The following is C++ and Python examples of how to filter molecules.

[C++]

include <GraphMol/FilterCatalog.h>

using namespace RDKit;

SmilesMolSupplier suppl(…);

// setup the desired catalogs
FilterCatalogParams params;
params.addCatalog(FilterCatalogParams::PAINS_A);
params.addCatalog(FilterCatalogParams::PAINS_B);
params.addCatalog(FilterCatalogParams::PAINS_C);

// create the catalog
FilterCatalog catalog(params);

unique_ptr<ROMol> mol; // automatically cleans up after us    
int count = 0;
while(!suppl.atEnd()){
  mol.reset(suppl.next());
  TEST_ASSERT(mol.get());

  // Does a PAINS filter hit?
  if (catalog.hasMatch(*mol)) {
    std::cerr << "Warning: molecule failed filter " << std::endl;
  }

  // More detailed data by retrieving the catalog entry
  const FilterCatalogEntry *entry = catalog.getFirstMatch(*mol);
  if (entry) {
    std::cerr << "Warning: molecule failed filter: reason " <<
      entry->getDescription() << std::endl;

    // get the matched substructure atoms for visualization
    std::vector<FilterMatch> matches;
    if (entry->getFilterMatches(*mol, matches)) {
      for(std::vector<FilterMatch>::const_iterator it = matches.begin();
          it != matches.end(); ++it) {
        // Get the SmartsMatcherBase that matched
        const FilterMatch & fm = (*it);
        boost::shared_ptr<SmartsMatcherBase> matchingFilter = \
          fm.filterMatch;

        // Get the matching atom indices
        const MatchVectType &vect = fm.atomPairs;
        for (MatchVectType::const_iterator it=vect.begin();
             it != vect.end(); ++it) {
             int atomIdx = it->second;
        }

      }
    }
  }
  count ++;
} // end while

Python API

import sys
from rdkit.Chem import FilterCatalog

params = FilterCatalog.FilterCatalogParams()
params.AddCatalog(FilterCatalogParams.FilterCatalogs.PAINS_A)
params.AddCatalog(FilterCatalogParams.FilterCatalogs.PAINS_B)
params.AddCatalog(FilterCatalogParams.FilterCatalogs.PAINS_C)
catalog = FilterCatalog.FilterCatalog(params)

...
for mol in mols:
if catalog.HasMatch(mol):
print("Warning: molecule failed filter", file=sys.stderr)
# more detailed
entry = catalog.GetFirstMatch(mol)
if entry:
print("Warning: molecule failed filter: reason %s"%(
entry.GetDescription()), file=sys.stderr)

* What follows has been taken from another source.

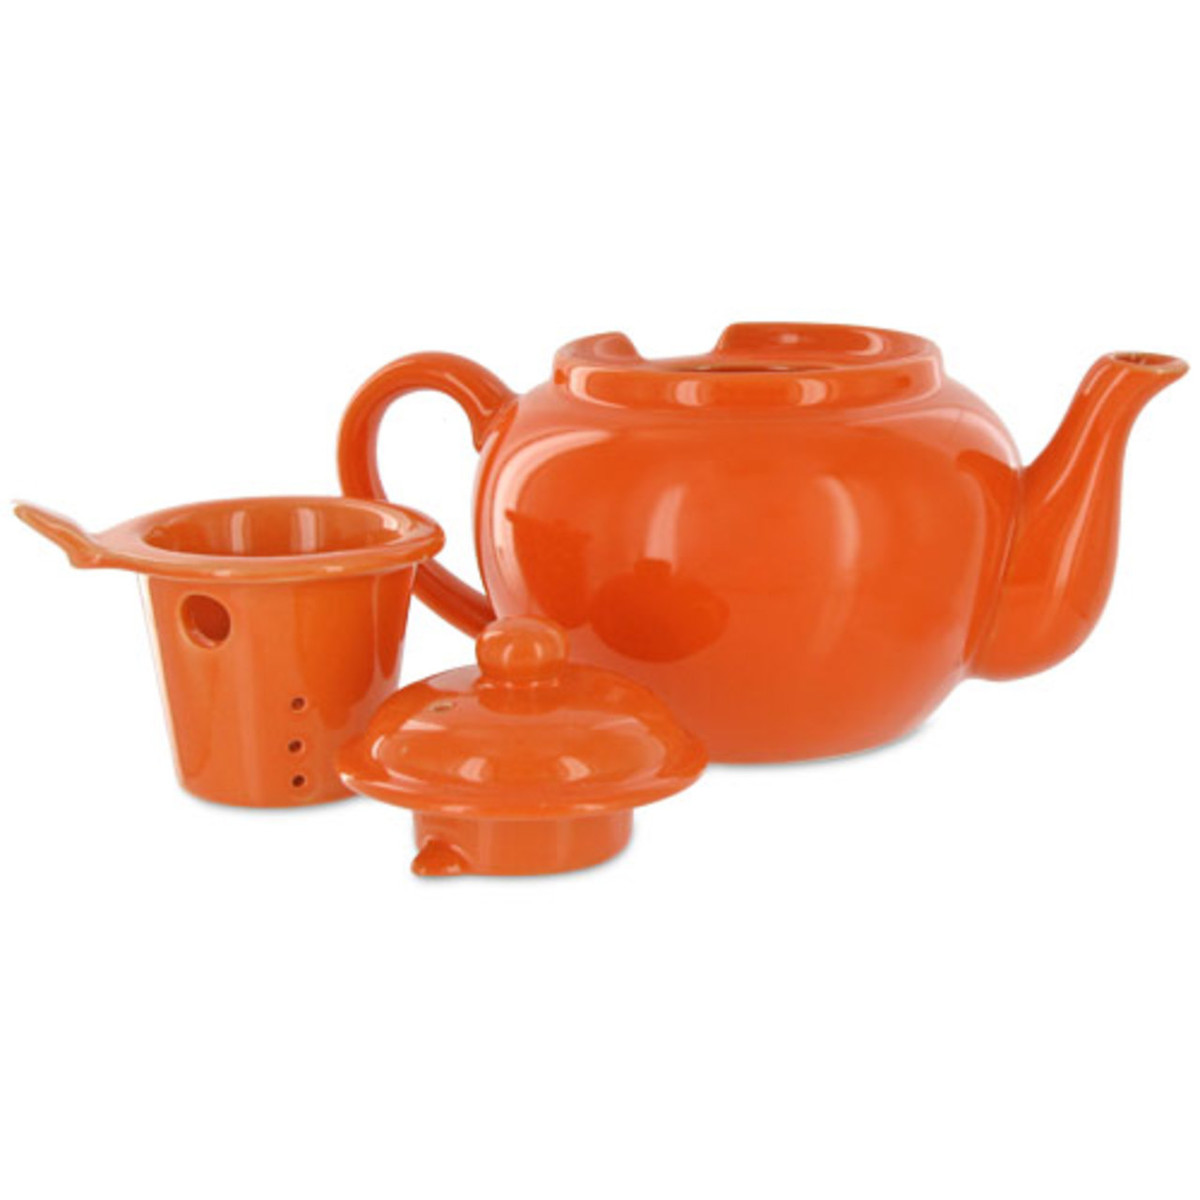 Amsterdam 2 Cup Infuser Teapot - Red

     # get to the atoms involved in the substructure
     #  there ma be many matching filters here...
     for filterMatch in entry.getFilterMatches(mol):
         filter = filterMatch.filterMatch
         # get a description of the matching filter
         print(filter)
         for queryAtomIdx, atomIdx in filterMatch.atomPairs:
             # do something with the substructure matches

Advanced

FilterCatalogs are fully serializable and can be stored for later use.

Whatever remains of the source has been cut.